4. The application according to claim 1, characterized in that, The specific hydrolysis of crocin-1 by β-glucosidase Lf18920 yields crocin-4 and crocin-5, which includes the following steps: crocin-1 and β-glucosidase Lf18920 are hydrolyzed in a citrate-disodium hydrogen phosphate buffer solution with a pH of 5.5-6.5 at a temperature of 25-40℃ for 120-150 min.
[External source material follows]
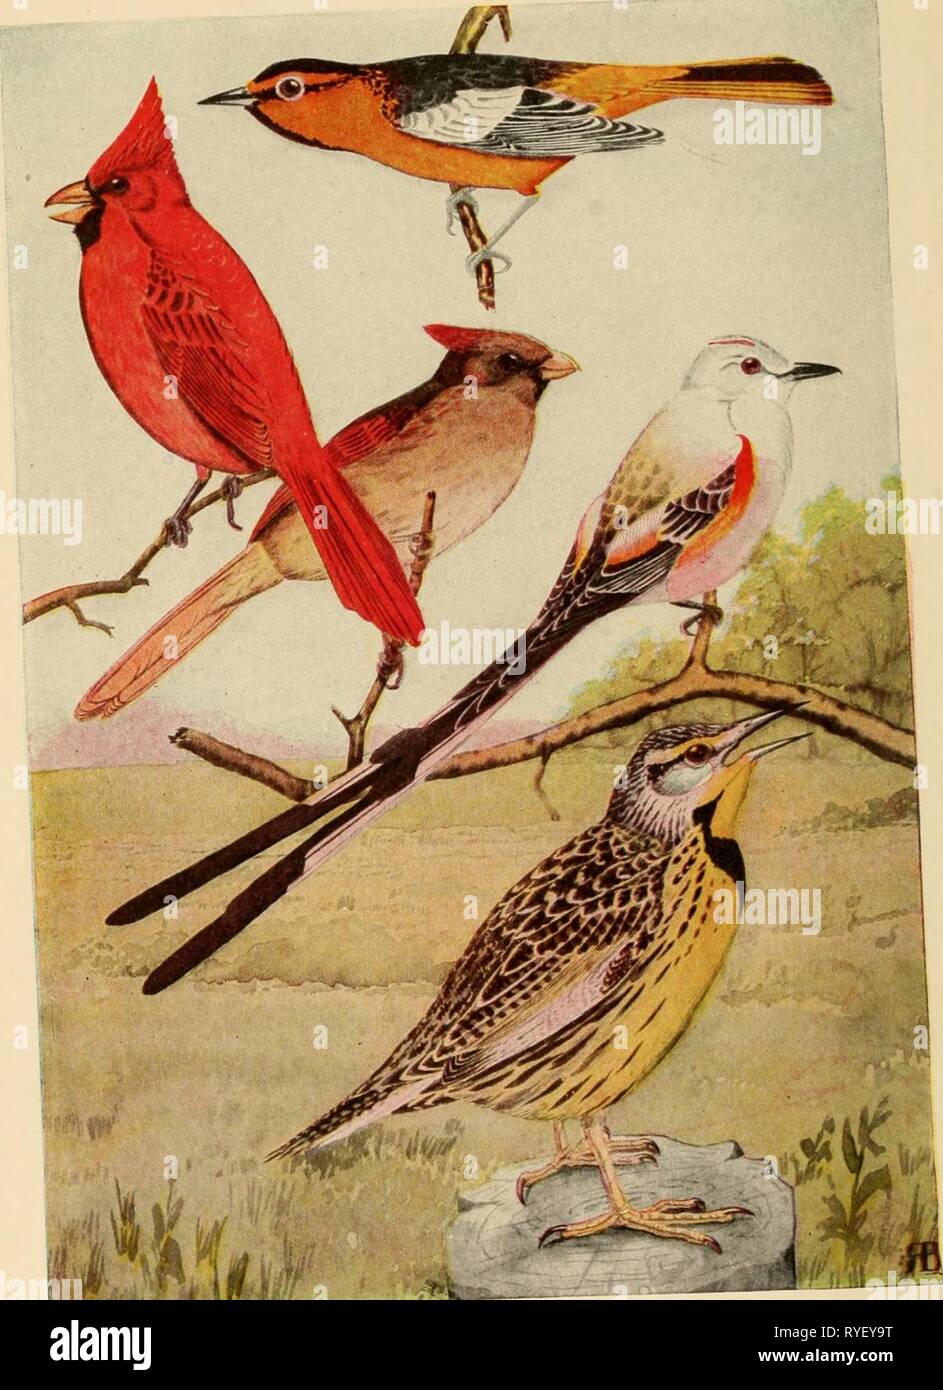 Elementary principles of agriculture : a text book for the common schools  elementaryprinci02ferg Year: 1913    OUR BIRD FRIENDS What do they eat? See Figs. 119 and 120. Red Bird or Sinai (mafe and female,, Bullock's Oriole, Scssor Taded Fly Catcher, and Meadow Lark. Stock Photo

The reaction is terminated in a hot water bath after the hydrolysis is completed.

5. The application according to claim 4, characterized in that, The addition ratio of crocin-1 to β-glucosidase Lf18920 was 1-2 mg / U.

6. The application according to claim 4, characterized in that, The pH of the citric acid-disodium hydrogen phosphate buffer solution is 6.

0.

7. The application according to claim 4, characterized in that, The reaction temperature is 40℃.

8. The application according to claim 4, characterized in that, The reaction time is 120 min.

9. The application according to claim 4, characterized in that, The reaction was terminated in a hot water bath at 80-100℃ after the hydrolysis reaction was completed.